This is a retrospective, uncontrolled, single-center study including patients with NMOSD and MOGAD treated with RTX from January 2008 to January 2022 at the Regional Reference Centre for Multiple Sclerosis (C.RE.S.M.), San Luigi University Hospital, Orbassano, Italy. The aims of this study are to report a single-center experience of RTX treatment in patients with NMOSD and MOGAD, and to evaluate the effect of a personalized treatment approach based on CD27-positive B-cell monitoring on efficacy, infusion rates, and safety.

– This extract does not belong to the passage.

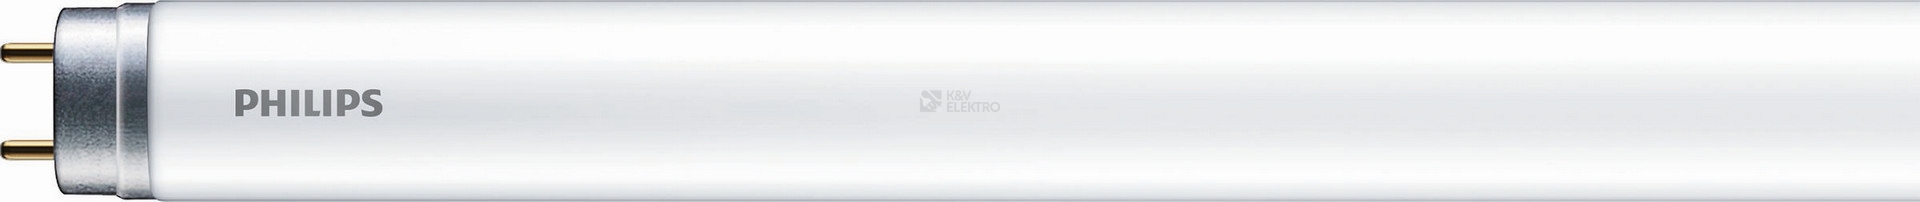 Obrázek produktu LED trubice zářivka Philips Ecofit LEDtube 120cm 16W (36W) neutrální bílá 4000K T8 G13 EM/230V 0

Compliance with Ethics Guidelines

This study was notified and approved by the local ethical committee (approval number 9583/2019), and patients signed written informed consent before treatment monitoring, and for collection and storage of blood samples at CRESM Biobank (approval number 18390/2019). This study was conducted in accordance with the Declaration of Helsinki.

Patients

Patients were included in the analysis if they had: (1) a diagnosis of NMOSD based on 2015 diagnostic criteria, independently of autoantibody status (e.g., AQP4-IgG, or double-negative) [1] or a diagnosis of MOGAD; and (2) if they had reached at least 1 year of follow-up after CD27 monitoring start. AQP4-IgG and MOG-IgG autoantibodies were all measured at San Luigi University Hospital laboratory. Commercial fixed cell-based immunofluorescent assay was used for AQP4-IgG (Euroimmun), while homemade live cell-based fluorescent cell-counter assay (FACS) was used to detect MOG-IgG.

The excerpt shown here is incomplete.